Ближний берег Нила, или Воспитание чувств
Шрифт:
— Отчего же? Отличное имя.
— Совсем как та шибко правильная девушка, которая Обломова спасала. А я девушка не правильная и никаких Обломовых спасать не желаю.
— А что желаешь?
— Закурить желаю… Да ты что стоишь, кидайся рядом…
Они курили, болтали, жевали ее бутерброды с копченой колбасой. Нил глядел на нее и думал, что и здесь, в Житкове, оказывается, может быть совсем неплохо.
Даже хорошо.
— А мою маму тоже Ольгой Владимировной зовут, — неожиданно сказал он. — Ольга Баренцева, оперная певица.
— Не
— Играешь? — Он подбородком показал на зачехленную гитару.
— Так, бренчу. А ты?
— Можно?
Он подтащил к себе гитару, расстегнул чехол. Гитара была плохонькая, кустарно переделанная из семиструнки. Он проверил звук, подкрутил колки.
— La-la-la-la-ld-la lovely Linda With a lovely flower in her hair… — это про тебя, между прочим.
— Про нее. Но закроешь глаза — никакой разницы… Как будто сам Поль поет.
— А откроешь — всего-навсего Нил.
— Не прибедняйся… Лучше еще сыграй, ты здорово умеешь.
— Учился, — скромно сказал Нил и ударил по струнам:
Let's all get up and dance to the song
That was the hit before your mother was born,
And though she was born a long-long time ago…
Your mother should know, a-ha,
— Your mother should know, — подхватила она.

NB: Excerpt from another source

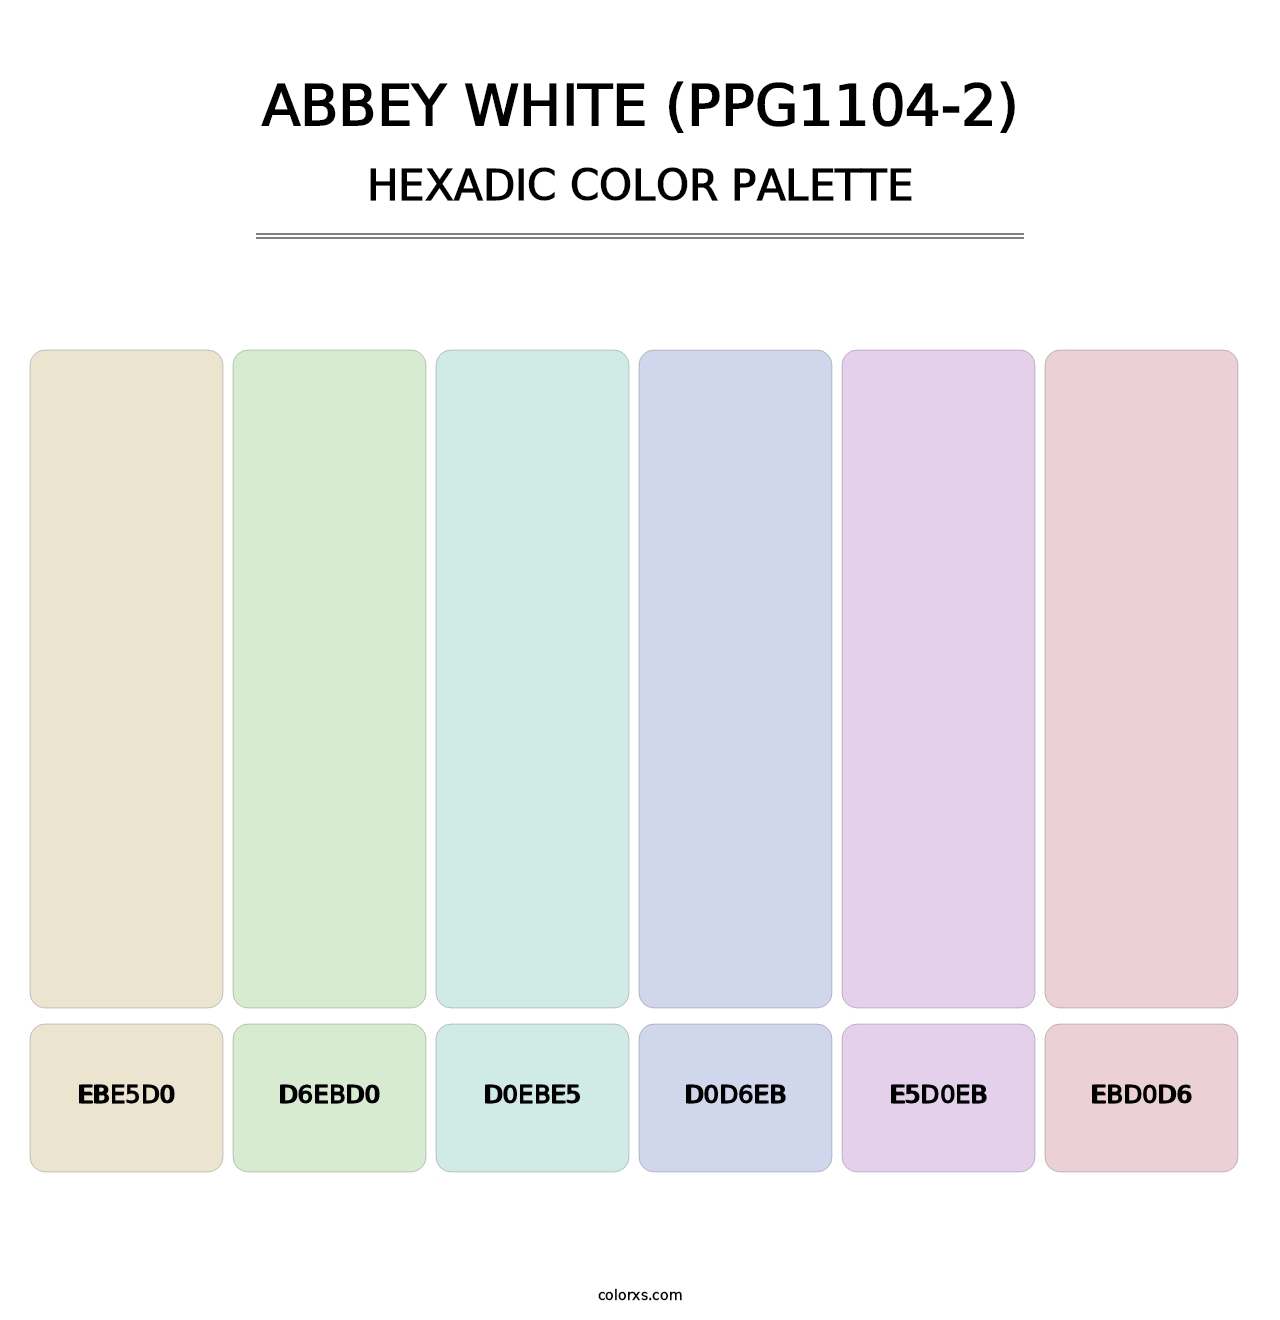 Abbey White (PPG1104-2) - Hexadic Color Palette

Голос у нее был очень высокий, звонкий, красивый, но совсем не поставленный. И со слухом не все в порядке. Ну и что? Давно задолбало его правильное пение. Мелани, самая знаменитая хиповская певица, из четырех нот в три не попадает…
— Sing it again…
Когда он закончил, она быстренько наклонилась к нему и чмокнула в щеку.
— Нил, ты гений! Спиши мне аккорды. С появлением Линды тонус жизни в отряде изменился не только для Нила. Когда они спустились под столово-кухонный навес и Нил взгромоздил на плиту отрядный чайник, чтобы испить с Линдой растворимого кофе, тоже привезенного ею, рядом никого не было. Но стоило Нилу вновь взять гитару в руки, откуда ни возьмись явился Юра Стефанюк, уселся на другой край лавочки со скучающим видом.
— Something in the way she moves Attracts me like no other lover…
Линда подпевала, а Стефанюк в такт постукивал ногой о земляной пол. Когда же гитара смолкла, он неожиданно сказал:
— Это с битловского «Рубероида» вещица. Я этот диск у Толяна на Галере за пять-ноль брал.
— А я по три-ноль сдавала. Может, тот же самый. Ну Толян, гад, хорошо наварился.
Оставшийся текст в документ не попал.